Quantum Circuit Simulation
Multiple important quantum applications with different program characteristics are selected as our benchmarks.
- Grover: Grover’s search algorithm is for database search, and it leads to significant speedups compared with classical search algorithms. Our benchmark uses Grover’s search algorithm to find the square root number, and thus the oracle consists of X and Toffoli gates.
- Random circuit sampling: The circuit is proposed by Google to show the quantum supremacy, and we follow the rules to construct the random circuits. Since our approach is not optimized for the circuits, we do not plan to run the random circuits with many layers. Thus, the circuit depth is 11 in our experiments.
- QAOA: The quantum approximate optimization algorithm is a hybrid quantum-classical variational algorithm. Our benchmark uses QAOA to solve MAXCUT on a random 4 regular graph problem. QAOA is an important circuit because it is one of the most promising quantum algorithms in the NISQ era.
- QFT: This is the quantum circuit for quantum Fourier transform, which is an important function in many quantum algorithms (Shor’s algorithm, phase estimation algorithm, and the algorithm for hidden subgroup problem), and this is a deep circuit.

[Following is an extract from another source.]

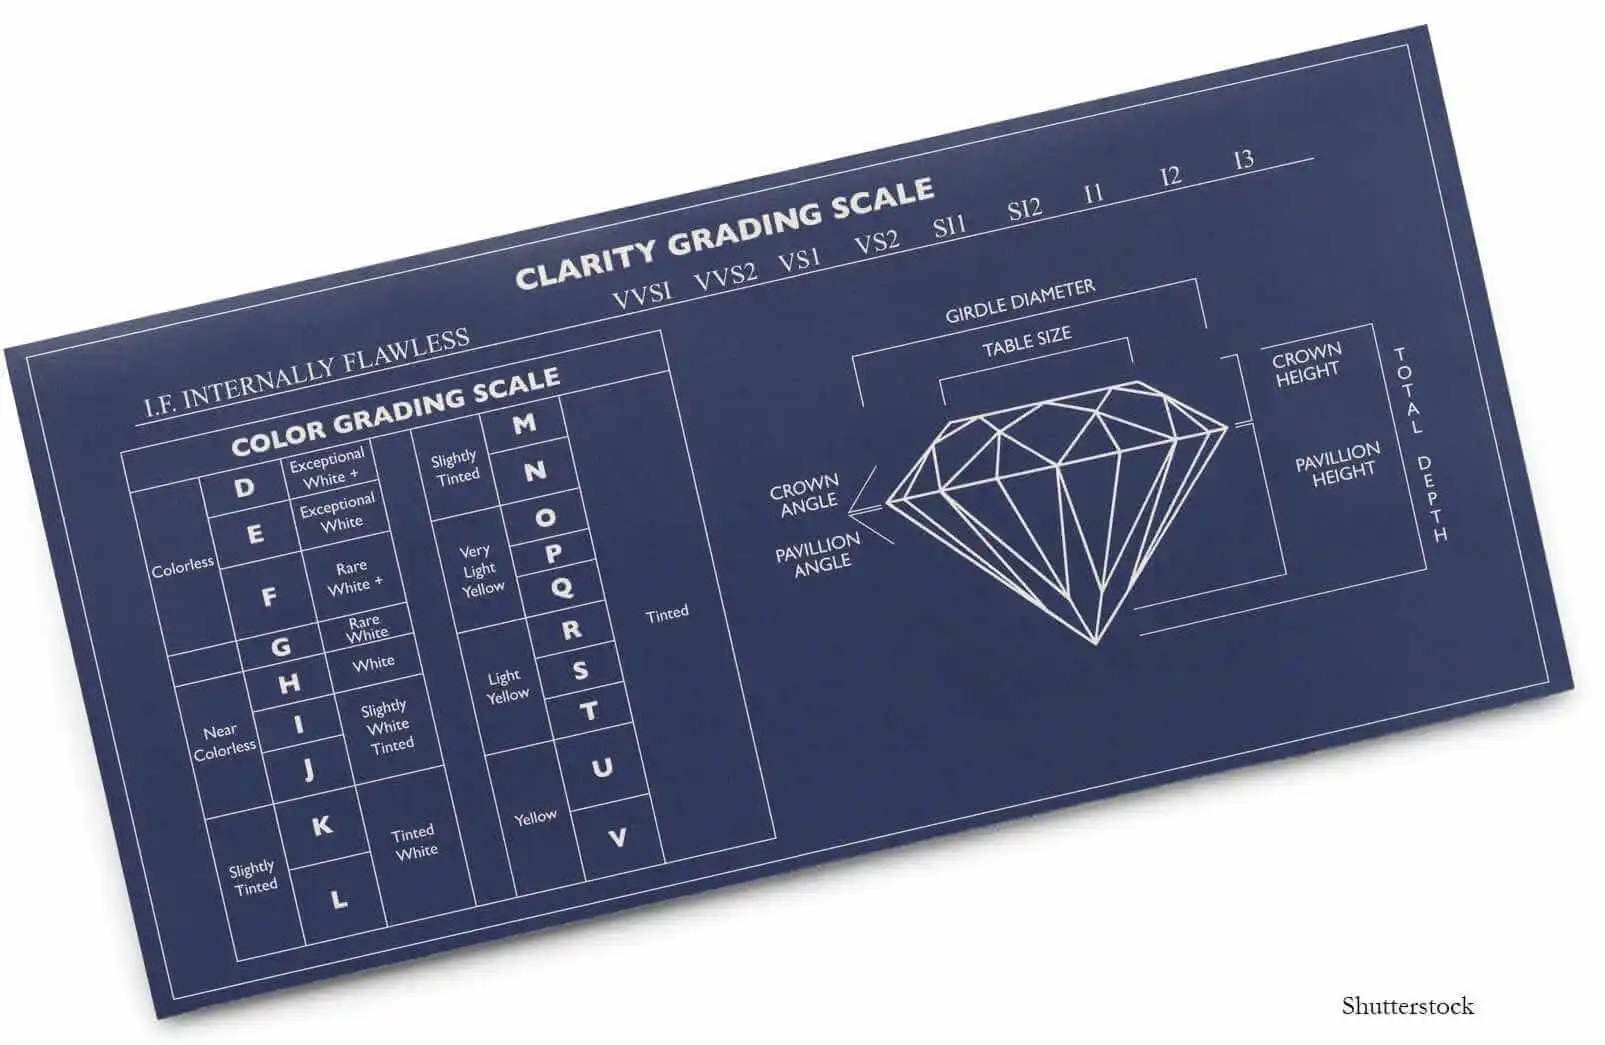 Diamond Cut Chart

Reverse Time Migration (RTM) application is a preferred solution for modeling and imaging seismic data in areas of complex wave phenomena for petroleum (oil and gas) industry. It is able to handle the most severe combinations of structural dip with high velocity contrast, conditions common in salt basins and other geologic basins with complex structures and velocity distributions. This makes it popular in areas like the deep-water Gulf of Mexico, offshore Brazil, and the North Sea, where salt structures severely distort propagating wavefronts and images. RTM is able to construct images using all possible arrivals, including caustic and prismatic waves, and can handle extreme lateral velocity variations without any dip limitations.